Building a Culture of Security Awareness: How to Use Performance Metrics to Communicate SOC Effectiveness Throughout Your Org

Building a Culture of Security Awareness: How to Use Performance Metrics to Communicate SOC Effectiveness Throughout Your Org

It’s no secret that as the security landscape becomes increasingly complex, resources are becoming harder and harder to find. Team members with high-tech skills and experience are both difficult to hire and retain, as security threats overwhelm them and dampen morale. CISOs have to prioritize detection, analysis, and coordinated responses, all while managing expectations within the organization and advocating for their priorities.

In order for security operations to be successful, the entire organization needs to prioritize them. Communicating the importance of security operations and their impact is part of everything from ensuring compliance on basic security measures throughout the organization to validating budgets for the security org. Measuring efficiencies in your security operations center (SOC) can mean the difference between success and failure.

However, knowing which SOC performance metrics to report isn’t always straightforward, as you have to suss out the vanity metrics from the ones that truly make an impact—as well as know which metrics can be best understood within your organization. To help you address this, we’ve broken it down into three questions you can use to determine what to report to your organization and how to measure your impact.

1. What problems are you solving for?

It may seem obvious, but the No. 1 question to ask yourself is, “What is my security team doing?” You need the ability to present a clear value proposition to your broader organization and be prepared to state what the ROI of your team truly is (HINT: the return is avoided cost). This means understanding the security team’s place in driving toward the organization’s broader goals, including sales, expansion, and technology budgeting.

The most important function of a security team is to respond quickly and efficiently to threats so the organization can remain secure. However, there are a number of internal problems that teams face that need to be accounted for—most notably the overwhelming number of alerts that analysts receive during a given time. Analysts often get so bogged down in unnecessary alerts, false positives, or benign issues that they start to ignore alerts in general, which can turn into a huge security risk if a truly critical alert is missed.

By identifying common time-wasting alerts and creating a process to suppress them, your team can free up analysts’ time to address truly critical threats. From there, you can assign priority to alerts and provide enough information in a push notification for analysts to determine how to react to an alert when it comes in. Analysts can spend less time wading through false positives or benign alerts and more time investigating critical alerts, which means they can shut down attacks faster and more efficiently.
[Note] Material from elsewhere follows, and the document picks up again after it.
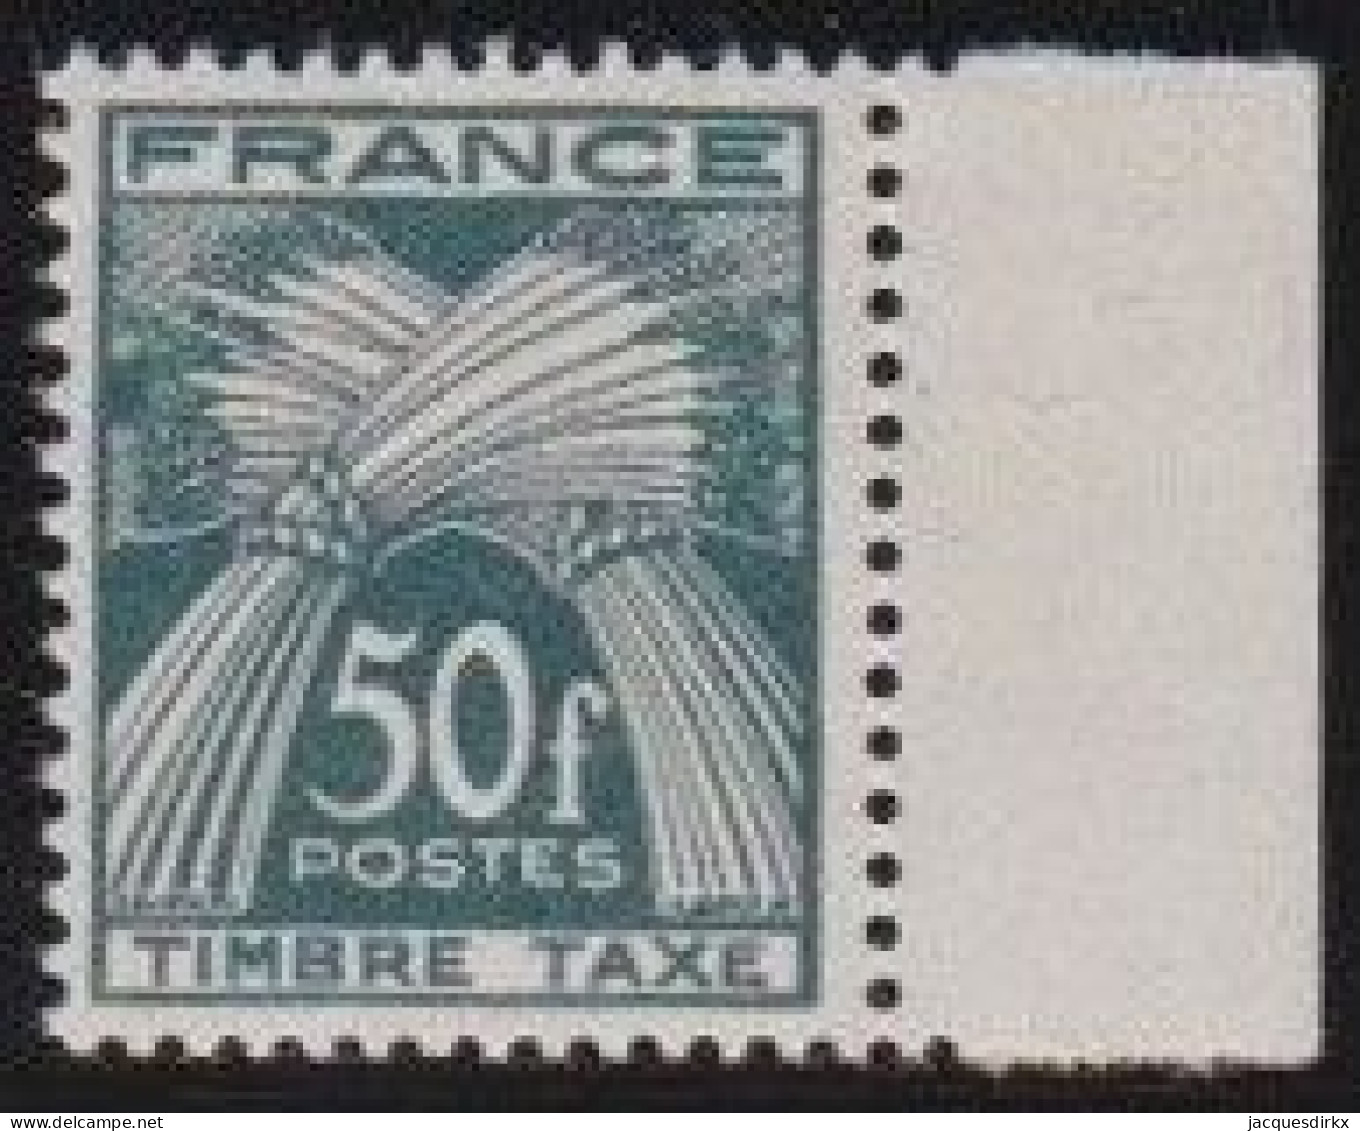 France    .  Y&T   .     Taxe  88       .   **      .    Neuf Avec Gomme Et SANS Charnière - 1859-1959 Mint/hinged

Related: [Blog] How Our SIEM Tool, InsightIDR, Provides Actionable Security Alerts.

With these SOC performance metrics defined, you can show the value of the work the teamC is doing, as well as improvements in time to warning of attacks, where training is necessary, and where more resources are needed.

2. How much does the organization need to know?

Whittling down the amount of information that you receive can be a daunting task. There are dozens of metrics that aren’t useful, even if they are awe-inspiring or make your department sound good. You may be tempted to use metrics like time to response, which sounds great but doesn’t tell the full story of your team’s success.

This is where knowing your organization comes in handy. Even if you know that time to response or other metrics are important, what matters to your C-suite is probably much more simple. Focus on SOC performance metrics that tell a straightforward story, such as the following:

  • Incidents that caused business interruption
  • Quick incident response actions that helped avoid business interruption
  • Incidents that can be avoided by technology investment/adoption
  • Incidents that can be avoided from process improvement
  • Vulnerabilities that became incidents

3. How often can the organization be informed?

If employees at all levels are regularly informed of the security team’s successes and why they matter to the company, they’ll be much more likely to participate in the greater security conversation. It’s a good idea to set up a regular newsletter to be sent to stakeholders at all levels to report on internal investigations, vulnerability scanning, asset discovery, security tips and tricks, and what your team has been up to. This will create a familiarity with the subject, so that when your team makes a major finding or report, employees will be prepared to take it seriously.

It will also make it easier for you to create an annual report by compiling information from regular newsletters to paint a broader picture of the security posture at your organization.

CISOs and other executives need regular access to these SOC performance metrics in order to make informed decisions for the team and for the organization as a whole. It’s a good idea to create a dashboard that provides you an overview of these metrics, as well as the ability to drill down into them and produce reports at given intervals.